Exercise prompt:
Across the data below, how many lines hold "transport"? Answer with that number and nothing else.

┄┄┄┄┄┄┄┄┄┄

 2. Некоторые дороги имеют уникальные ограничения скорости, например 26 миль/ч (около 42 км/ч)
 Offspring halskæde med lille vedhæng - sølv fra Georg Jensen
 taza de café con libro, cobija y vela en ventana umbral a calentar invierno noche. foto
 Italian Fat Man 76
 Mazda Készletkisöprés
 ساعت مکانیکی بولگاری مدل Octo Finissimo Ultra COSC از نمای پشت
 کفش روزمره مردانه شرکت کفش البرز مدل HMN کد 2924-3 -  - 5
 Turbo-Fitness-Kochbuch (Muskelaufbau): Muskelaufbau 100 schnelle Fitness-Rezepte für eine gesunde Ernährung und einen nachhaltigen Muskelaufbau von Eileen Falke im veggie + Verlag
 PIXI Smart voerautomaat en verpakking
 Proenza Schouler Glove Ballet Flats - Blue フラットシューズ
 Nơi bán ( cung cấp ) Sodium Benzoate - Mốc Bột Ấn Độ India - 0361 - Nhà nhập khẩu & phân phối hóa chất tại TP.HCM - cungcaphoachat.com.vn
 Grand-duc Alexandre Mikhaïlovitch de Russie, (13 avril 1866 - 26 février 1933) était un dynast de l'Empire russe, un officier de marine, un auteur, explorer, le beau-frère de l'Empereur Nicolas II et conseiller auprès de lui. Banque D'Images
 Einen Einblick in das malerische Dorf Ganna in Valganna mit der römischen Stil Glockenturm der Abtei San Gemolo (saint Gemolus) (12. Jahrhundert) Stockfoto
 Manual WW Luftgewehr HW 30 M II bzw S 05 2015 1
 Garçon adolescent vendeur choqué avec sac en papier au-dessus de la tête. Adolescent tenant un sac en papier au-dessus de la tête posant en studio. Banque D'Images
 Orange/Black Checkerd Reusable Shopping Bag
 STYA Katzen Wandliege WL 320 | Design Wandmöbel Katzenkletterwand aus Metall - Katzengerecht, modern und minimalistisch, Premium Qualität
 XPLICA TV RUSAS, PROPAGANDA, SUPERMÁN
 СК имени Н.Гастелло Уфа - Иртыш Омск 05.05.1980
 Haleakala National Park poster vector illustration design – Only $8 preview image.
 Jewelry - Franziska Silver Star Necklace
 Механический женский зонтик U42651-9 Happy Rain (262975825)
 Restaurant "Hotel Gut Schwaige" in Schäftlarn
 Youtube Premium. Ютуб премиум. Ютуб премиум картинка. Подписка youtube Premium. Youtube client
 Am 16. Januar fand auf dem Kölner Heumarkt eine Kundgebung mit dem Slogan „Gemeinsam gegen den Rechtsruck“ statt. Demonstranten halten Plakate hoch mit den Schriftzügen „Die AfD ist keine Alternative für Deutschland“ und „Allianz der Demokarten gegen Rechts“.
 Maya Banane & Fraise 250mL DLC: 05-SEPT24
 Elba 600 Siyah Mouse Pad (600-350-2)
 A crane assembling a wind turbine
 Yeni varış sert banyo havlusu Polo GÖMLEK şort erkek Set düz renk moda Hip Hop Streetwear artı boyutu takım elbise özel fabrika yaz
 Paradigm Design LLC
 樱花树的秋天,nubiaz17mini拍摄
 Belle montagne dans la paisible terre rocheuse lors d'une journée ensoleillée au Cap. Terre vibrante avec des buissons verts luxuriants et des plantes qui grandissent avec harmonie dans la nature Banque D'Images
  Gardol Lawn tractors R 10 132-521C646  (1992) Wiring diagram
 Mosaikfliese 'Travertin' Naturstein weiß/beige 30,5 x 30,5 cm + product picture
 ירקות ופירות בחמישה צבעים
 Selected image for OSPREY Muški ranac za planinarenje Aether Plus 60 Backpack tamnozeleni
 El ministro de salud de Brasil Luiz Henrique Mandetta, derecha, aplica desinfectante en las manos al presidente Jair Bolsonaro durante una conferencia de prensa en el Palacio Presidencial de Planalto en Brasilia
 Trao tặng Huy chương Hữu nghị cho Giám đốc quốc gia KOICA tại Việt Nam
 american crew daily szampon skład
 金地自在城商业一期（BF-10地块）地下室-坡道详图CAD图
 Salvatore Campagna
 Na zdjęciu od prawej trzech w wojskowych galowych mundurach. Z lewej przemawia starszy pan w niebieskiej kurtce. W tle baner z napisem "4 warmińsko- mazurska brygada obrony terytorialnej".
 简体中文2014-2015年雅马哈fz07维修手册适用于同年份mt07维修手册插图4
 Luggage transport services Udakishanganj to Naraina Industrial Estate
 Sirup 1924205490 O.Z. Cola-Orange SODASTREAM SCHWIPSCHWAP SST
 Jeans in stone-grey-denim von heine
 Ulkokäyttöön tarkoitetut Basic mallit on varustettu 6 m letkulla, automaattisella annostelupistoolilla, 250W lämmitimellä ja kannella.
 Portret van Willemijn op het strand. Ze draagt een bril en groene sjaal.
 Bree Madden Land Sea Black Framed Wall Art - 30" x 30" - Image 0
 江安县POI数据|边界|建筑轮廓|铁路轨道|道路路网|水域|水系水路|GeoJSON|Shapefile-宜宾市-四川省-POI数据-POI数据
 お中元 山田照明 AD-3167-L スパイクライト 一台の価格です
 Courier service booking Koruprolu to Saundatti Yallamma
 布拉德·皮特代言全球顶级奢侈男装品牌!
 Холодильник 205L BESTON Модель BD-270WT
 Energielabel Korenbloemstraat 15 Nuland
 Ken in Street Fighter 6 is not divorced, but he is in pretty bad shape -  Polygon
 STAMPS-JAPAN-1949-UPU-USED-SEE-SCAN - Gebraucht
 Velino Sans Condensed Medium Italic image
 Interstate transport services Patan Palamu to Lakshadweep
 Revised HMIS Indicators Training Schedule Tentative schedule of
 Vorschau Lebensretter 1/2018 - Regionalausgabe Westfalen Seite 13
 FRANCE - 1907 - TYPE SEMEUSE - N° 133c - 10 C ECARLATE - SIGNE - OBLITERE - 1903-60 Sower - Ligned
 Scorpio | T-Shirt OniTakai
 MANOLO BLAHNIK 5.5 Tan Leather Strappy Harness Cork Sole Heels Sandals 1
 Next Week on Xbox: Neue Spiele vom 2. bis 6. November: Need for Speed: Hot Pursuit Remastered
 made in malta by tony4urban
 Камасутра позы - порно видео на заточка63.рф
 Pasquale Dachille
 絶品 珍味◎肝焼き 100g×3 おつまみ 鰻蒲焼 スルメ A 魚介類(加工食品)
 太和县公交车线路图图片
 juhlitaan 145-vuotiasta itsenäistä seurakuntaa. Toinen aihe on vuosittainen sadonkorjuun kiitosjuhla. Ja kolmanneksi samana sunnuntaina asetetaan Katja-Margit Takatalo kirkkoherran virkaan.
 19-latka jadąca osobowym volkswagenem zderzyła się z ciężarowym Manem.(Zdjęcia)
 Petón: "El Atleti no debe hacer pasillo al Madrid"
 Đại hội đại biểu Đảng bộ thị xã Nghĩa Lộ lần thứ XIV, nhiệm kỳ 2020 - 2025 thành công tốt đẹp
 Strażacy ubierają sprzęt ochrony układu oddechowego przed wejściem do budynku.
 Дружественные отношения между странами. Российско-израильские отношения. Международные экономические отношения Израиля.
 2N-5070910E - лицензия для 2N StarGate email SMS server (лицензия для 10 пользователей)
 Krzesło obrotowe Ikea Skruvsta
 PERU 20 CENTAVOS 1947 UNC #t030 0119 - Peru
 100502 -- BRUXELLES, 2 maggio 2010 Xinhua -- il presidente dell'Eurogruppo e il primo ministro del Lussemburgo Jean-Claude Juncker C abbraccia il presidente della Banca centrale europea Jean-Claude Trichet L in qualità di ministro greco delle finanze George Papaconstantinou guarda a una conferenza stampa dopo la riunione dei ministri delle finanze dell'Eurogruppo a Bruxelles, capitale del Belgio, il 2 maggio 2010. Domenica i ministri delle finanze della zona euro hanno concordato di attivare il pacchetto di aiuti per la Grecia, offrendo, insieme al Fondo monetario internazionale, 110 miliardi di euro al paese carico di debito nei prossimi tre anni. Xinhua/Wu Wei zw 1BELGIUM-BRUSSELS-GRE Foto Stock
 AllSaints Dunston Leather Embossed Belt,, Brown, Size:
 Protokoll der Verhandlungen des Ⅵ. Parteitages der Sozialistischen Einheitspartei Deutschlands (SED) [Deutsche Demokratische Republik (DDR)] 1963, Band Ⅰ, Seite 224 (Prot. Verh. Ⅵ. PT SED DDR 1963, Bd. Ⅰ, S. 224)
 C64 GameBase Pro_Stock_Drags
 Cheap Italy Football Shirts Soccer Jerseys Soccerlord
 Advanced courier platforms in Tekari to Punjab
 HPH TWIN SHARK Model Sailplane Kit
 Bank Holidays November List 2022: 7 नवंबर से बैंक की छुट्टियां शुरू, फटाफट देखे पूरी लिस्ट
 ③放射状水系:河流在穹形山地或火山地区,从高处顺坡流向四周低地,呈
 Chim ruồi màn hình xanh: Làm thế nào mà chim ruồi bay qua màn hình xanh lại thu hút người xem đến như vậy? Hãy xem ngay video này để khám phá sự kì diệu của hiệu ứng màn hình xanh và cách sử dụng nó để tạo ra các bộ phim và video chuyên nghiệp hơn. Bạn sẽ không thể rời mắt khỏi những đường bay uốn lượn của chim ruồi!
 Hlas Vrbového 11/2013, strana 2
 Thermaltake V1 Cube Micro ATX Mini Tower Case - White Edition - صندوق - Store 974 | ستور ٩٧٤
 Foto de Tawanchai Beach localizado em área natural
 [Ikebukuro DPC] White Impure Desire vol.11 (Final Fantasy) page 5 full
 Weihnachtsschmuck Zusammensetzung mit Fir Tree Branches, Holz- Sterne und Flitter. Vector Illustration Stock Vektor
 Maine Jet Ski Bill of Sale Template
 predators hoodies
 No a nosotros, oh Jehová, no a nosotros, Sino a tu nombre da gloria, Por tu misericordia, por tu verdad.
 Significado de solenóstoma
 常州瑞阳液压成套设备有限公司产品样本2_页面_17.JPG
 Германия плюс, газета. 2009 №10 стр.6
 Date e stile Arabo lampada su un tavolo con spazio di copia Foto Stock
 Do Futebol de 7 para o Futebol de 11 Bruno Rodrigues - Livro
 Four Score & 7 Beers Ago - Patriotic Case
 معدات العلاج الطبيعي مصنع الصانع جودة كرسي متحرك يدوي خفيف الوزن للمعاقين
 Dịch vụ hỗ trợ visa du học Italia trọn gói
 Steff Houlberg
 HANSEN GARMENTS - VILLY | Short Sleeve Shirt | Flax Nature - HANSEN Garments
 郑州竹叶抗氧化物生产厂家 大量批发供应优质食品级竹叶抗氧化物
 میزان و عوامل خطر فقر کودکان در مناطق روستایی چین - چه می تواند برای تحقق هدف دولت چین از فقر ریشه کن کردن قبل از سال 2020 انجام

┄┄┄┄┄┄┄┄┄┄

Output of the exercise:
2